## [Exercise requirements]
For this exercise, reproduce only the lines from the one holding "Villa Reuckl" through the final line of the data below, exactly, and omit pictures.

Items from a data source
|---|

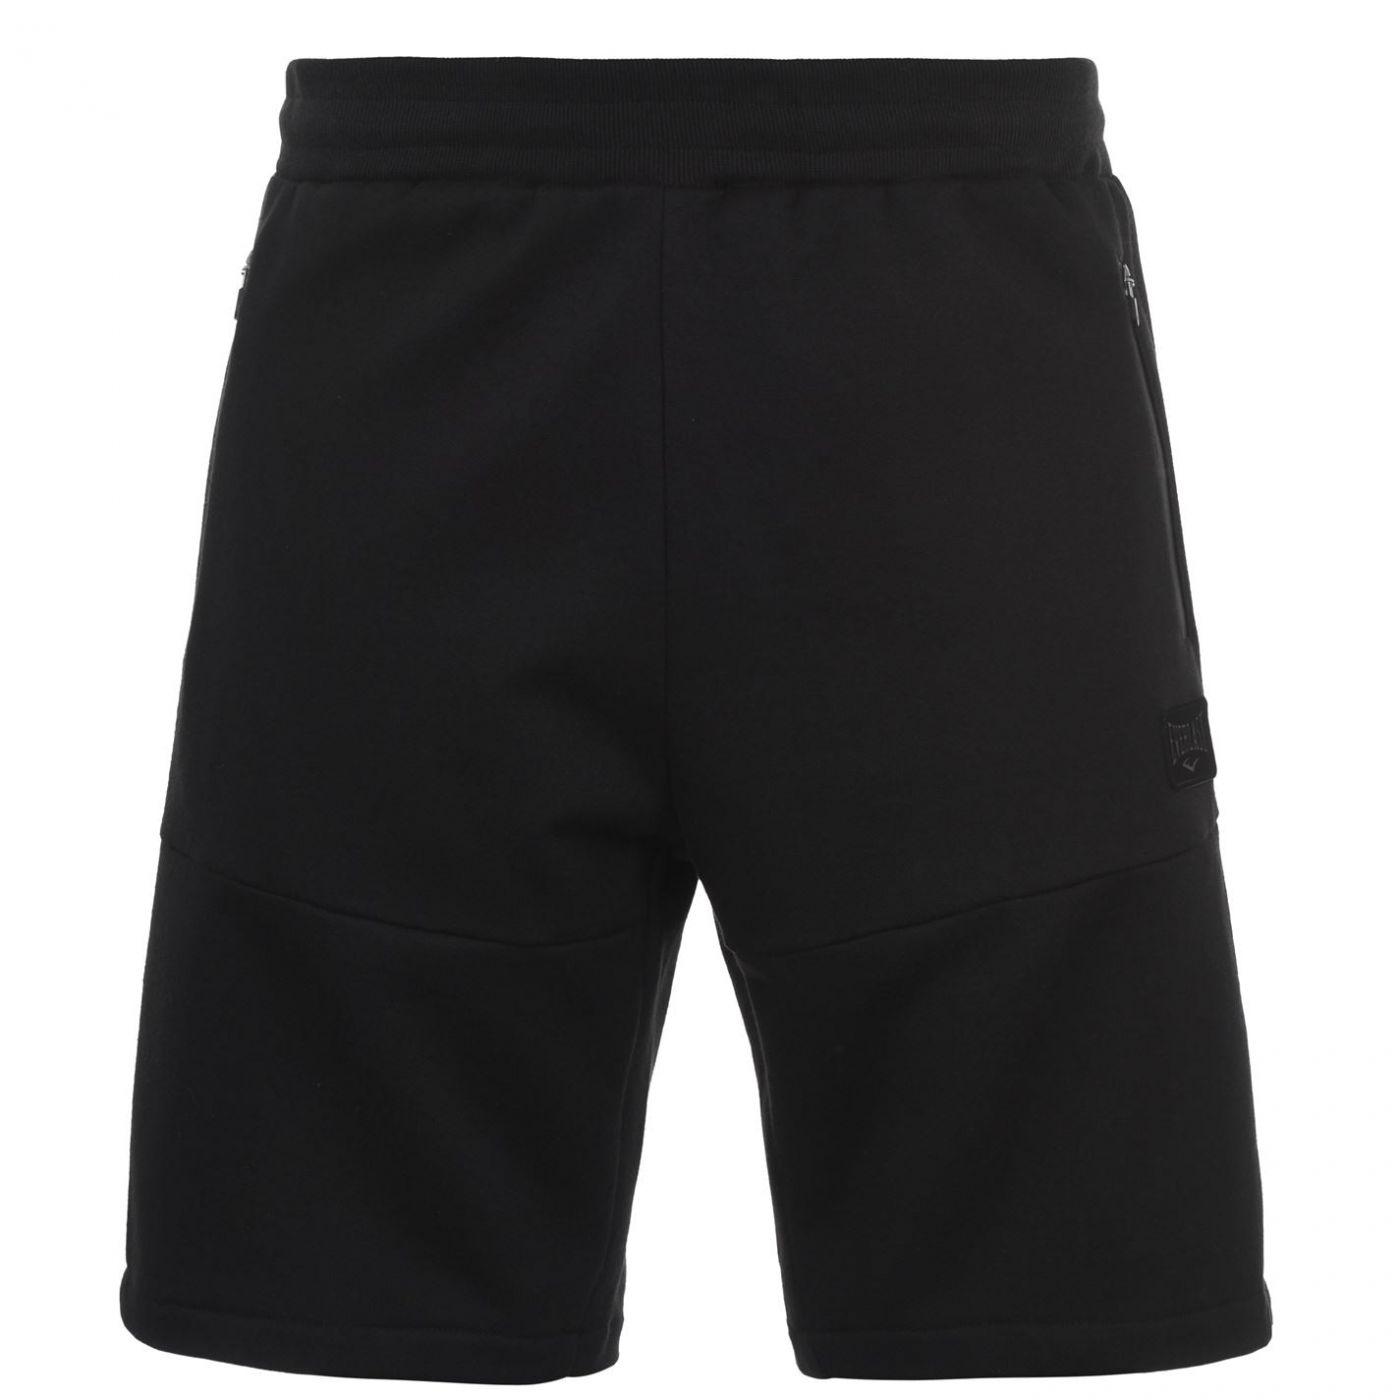 Everlast Premium Shorts Mens
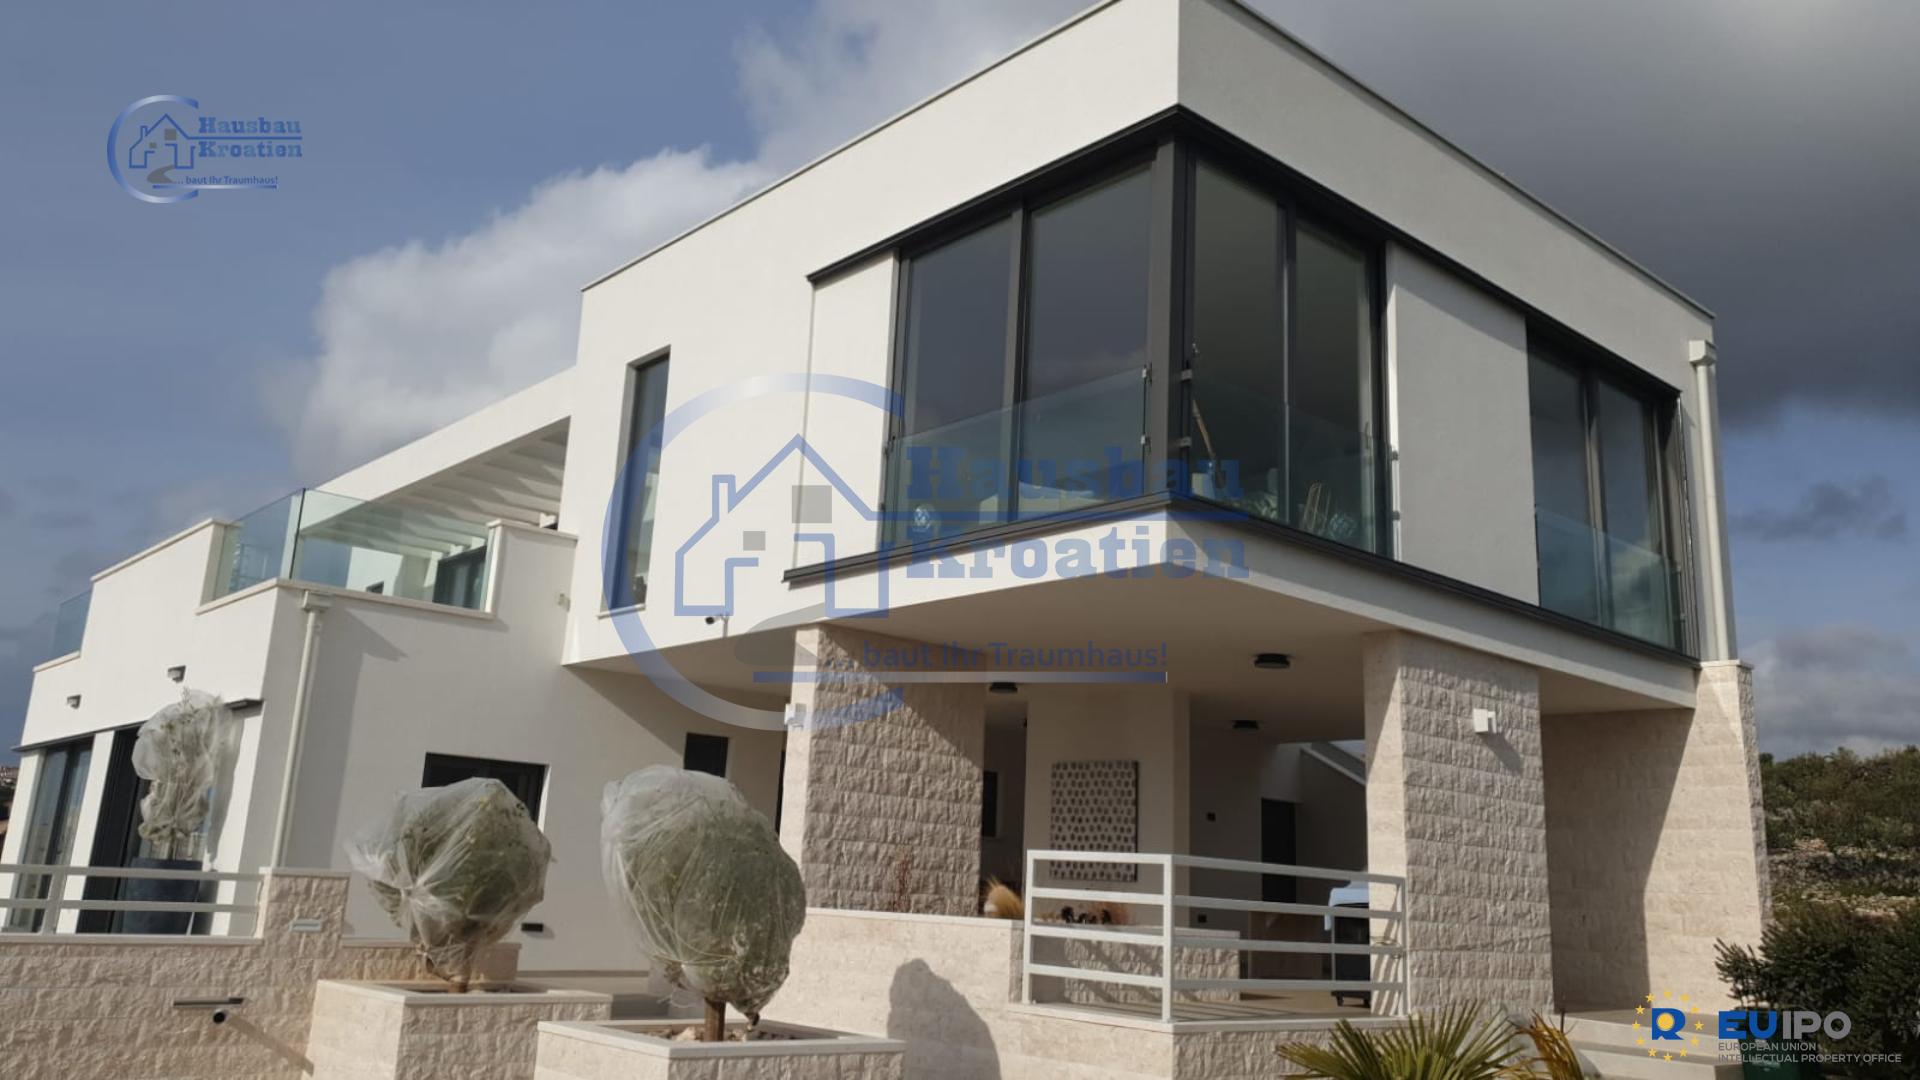 Villa Reuckl
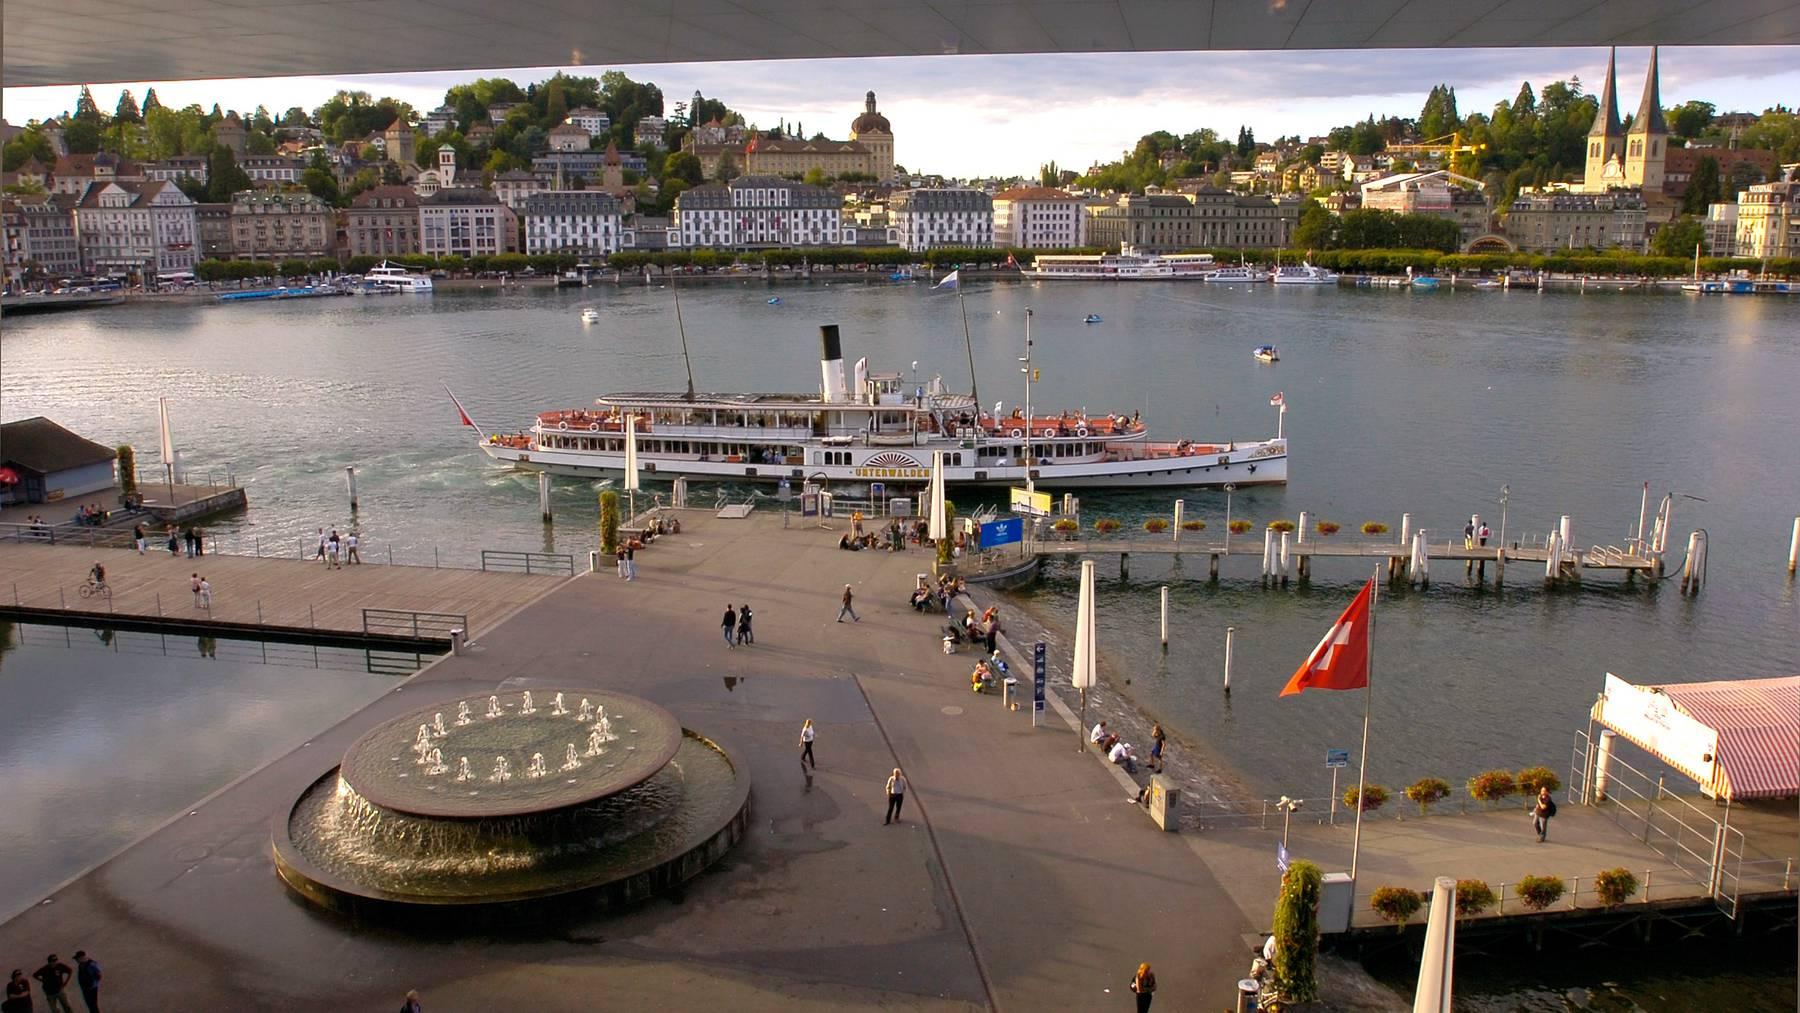 Nebst dem Quai und dem Inseli sind auch Teile des Europaplatzes abgesperrt. (Archivbild)
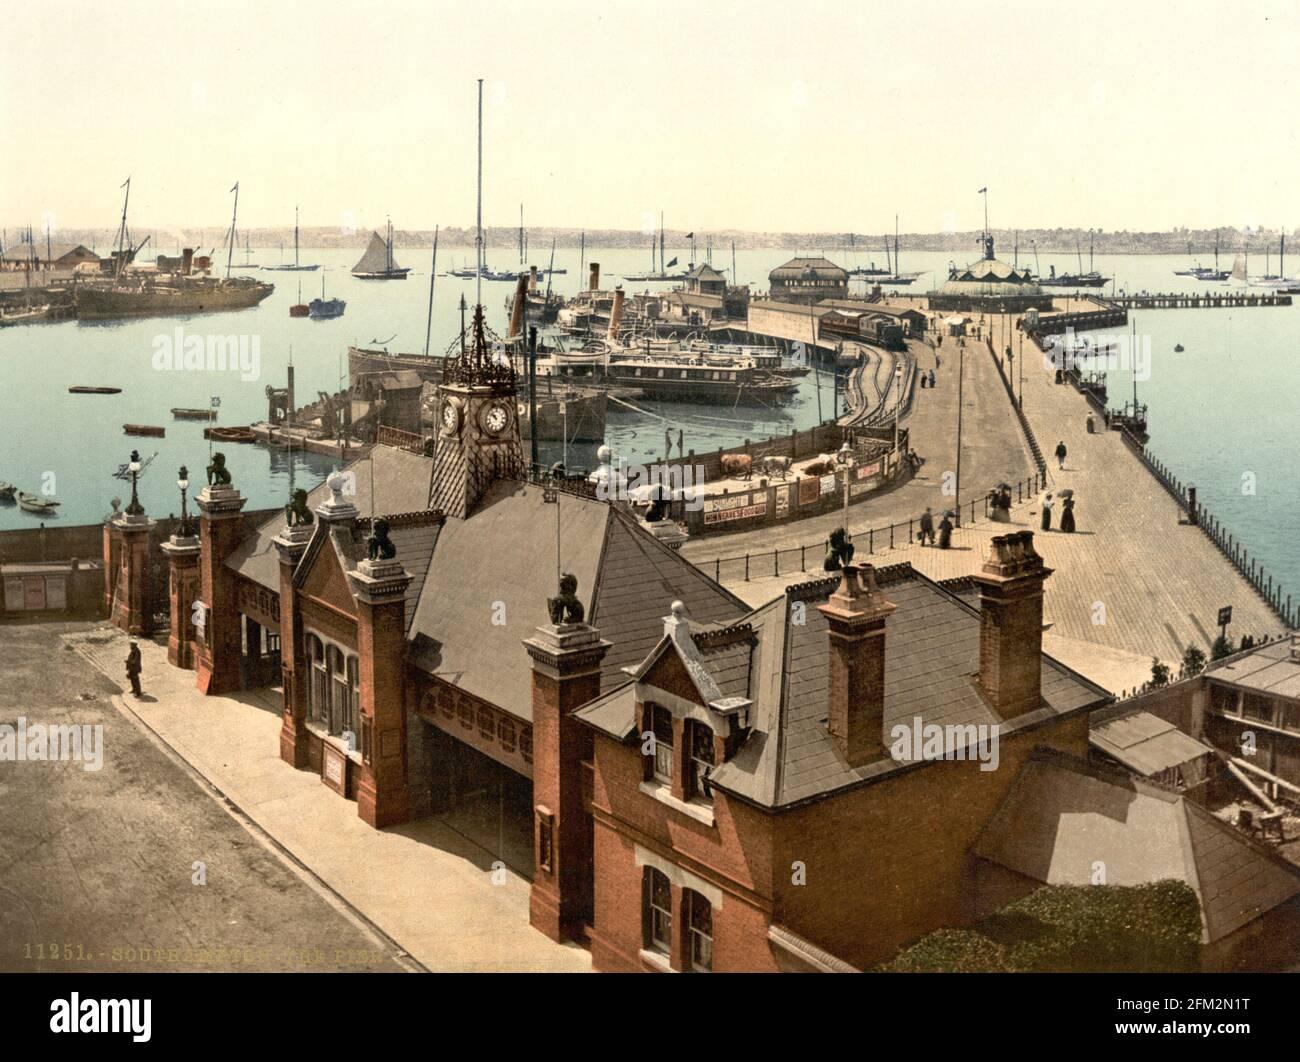 Southampton Royal Pier (anciennement Victoria Pier) et Harbour, Hampshire vers 1890-1900 Banque D'Images
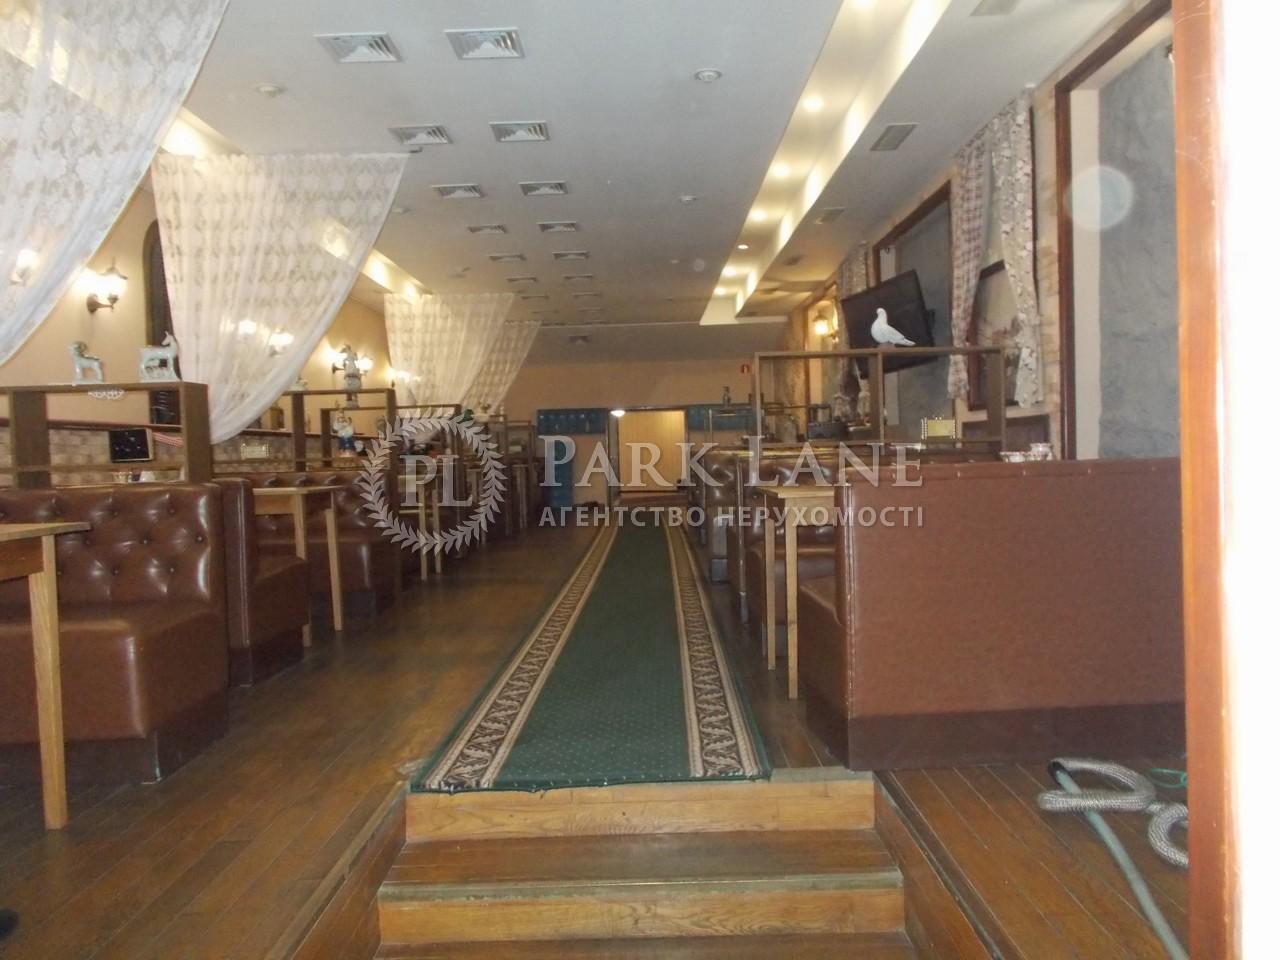 Ресторан, вул. Банкова, Київ, R-14955 - Фото 15

|---|

## [Your response]
 Villa Reuckl
 Nebst dem Quai und dem Inseli sind auch Teile des Europaplatzes abgesperrt. (Archivbild)
 Southampton Royal Pier (anciennement Victoria Pier) et Harbour, Hampshire vers 1890-1900 Banque D'Images
 Ресторан, вул. Банкова, Київ, R-14955 - Фото 15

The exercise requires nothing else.